Topic: Modelling & Visualisation
Assignment: 2 - Produce a regression and time series forecasting model.
The python file can be found within this repository or alternatively opened in google colab below:
Project: Analysing public A&E attendance, emergency admissions and bed utilisation data. This is not an official NHS project, it was a project done for my masters whilst learning how to build different types of statistical models. I've provided examples throughout the below as the python code may be helpful for others.
Introduction:
As a senior analyst within NHS England I am responsible for providing intelligence and insight to the East of England region. The emergency care access standard, as per the NHS constitution (Department of Health and Social Care, 2023), is 95% of A&E attendances to be seen and treated within 4 hours. Currently, the East of England region is performing at 73% (NHS England, no date) of A&E attendances seen and treated within 4 hours. I have decided to focus on this dastaset to look for trends and patterns that may be able to help inform our regional internal stakeholders who are supporting NHS Trusts with improvement where to focus.
NHS England publishes two datasets that I use within this report; Monthly A&E Attendances and Emergency Admissions (NHS England, no date) and Critical care and General & Acute Beds SitRep Reports (NHS England, no date). I have supplemented this with 3 datasets.
To support the recovery of the A&E target, this report will focus on building a model to firstly investigate the drivers for long waits and secondly forecasting future demand to A&E departments nationally.
Data Collection and Preprocessing:
In preparing the dataset for this report, I employed web scraping techniques to collect data from identified sources, ensuring consistency in file structures across imports. The focus was narrowed to acute trusts with Type 1 A&E departments, capable of handling all acuity levels, including resuscitation cases. To address the dynamic nature of healthcare organisations, I implemented a system to account for trust mergers, updating organisation codes and names accordingly. This approach maintained data continuity and accuracy over time. Data cleaning processes included:
-
Removing non-acute organisations
-
Handling null values
-
Forward-filling missing monthly submissions (limited to an average of one per year per trust)
-
Excluding trusts with more than six months of missing data to preserve data integrity
While initial exploratory analysis revealed some monthly outliers, these were retained for further investigation during time series forecasting, as their impact on seasonality and overall trends was yet to be determined. This data preparation laid the groundwork for robust analysis, ensuring the dataset's reliability and relevance. The main issues I encountered in this stage was the imported data not being treated as an interger and therefore showing a lower number than expected, which was handled with converting values to intergers.
I decided to join and clean the data needed for the regression model alongside building the model. This allowed for the code to be kept together and the notebook to flow better.

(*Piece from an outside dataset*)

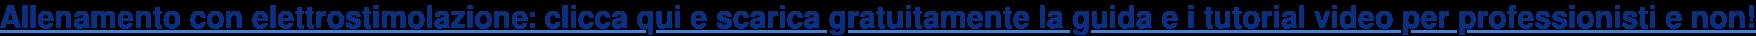 Allenamento con elettrostimolazione: clicca qui e scarica gratuitamente la  guida e i tutorial video per professionisti e non!

Throughout my data processing stage, I will often put in printed statements to compare the data before and after a transformation is made to check that the function has worked as expected. I also use scrollable tables through my code instead of headings or display; this is a personal preference as I’m transforming datasets.
I used a 60/20/20 split of data for my time series forecasting model, which allowed me to effectively train, validate, and test the model. The training set (60%) enabled the model to learn patterns and trends from historical data, while the validation set (20%) helped fine-tune hyperparameters and assess performance during training, thus preventing overfitting and reviewing the 19/20 period for exclusion. Finally, the test set (20%) provided an independent evaluation of the model's predictive capabilities on unseen data, ensuring a robust assessment of its accuracy and reliability in real-world applications.
Data used:
This notebook web scrapes publicly available data. But there are 3 files provided within this repo that the ipynb will prompt for you to upload if not found in the directory.
Exploratory Data Analysis:
Since the start of 2024, there has been a consistent rise in A&E attendances nationally. The chart below illustrates the impact of COVID-19 during the 2019/20 period, which was included in the time series analysis. If this upward trend in attendances continues, we may need to reset the limits on the SPC chart, as there is a clear increase when comparing pre-COVID and post-COVID data.
As A&E attendances rise, the performance against the four-hour target deteriorates. The chart below displays the percentage of A&E attendances that exceeded four hours. Similar to A&E attendances, we should consider reviewing the SPC indicators, as the upper limit of the entire time series is approaching what we expect the average to be based on recent months.
The decline in A&E performance, coupled with rising demand, directly affects patient flow through hospitals. Nationally, the number of patients waiting over four hours from the decision to admit to actual admission is being closely monitored. While prior to the COVID-19 pandemic, it was relatively uncommon for patients to wait between four to twelve hours for admission, we are now witnessing a sustained upward trend. We can expect to see this worsen further as in recent days (as of 8th January 2025) there is a high demand on emergency services due to rising flu cases (Sky News, 2025).
Before the onset of COVID-19, it was rare for patients to experience waits exceeding twelve hours in A&E. However, since the pandemic began, there has been a significant increase in the number of patients waiting for a bed. Despite efforts made in 2023 and late 2024 to reduce these wait times, the volume of patients continues to rise.
There are some outlying Trusts which could be explored to understand the causes for their high volume of 4-12 hour waits. Using the metrics from the box & whisker plot, we can start to see the volume of outliers and that there are some Trusts with a low volume of patients waiting 4 – 12 hours, with minimum being 2, which we could explore for learning good practice.
The pressure on hospital beds not only affects admission times but also leads to cancelled elective procedures due to emergency demand. This situation highlights the ongoing challenges faced by healthcare systems as they strive to balance emergency care needs with planned treatments.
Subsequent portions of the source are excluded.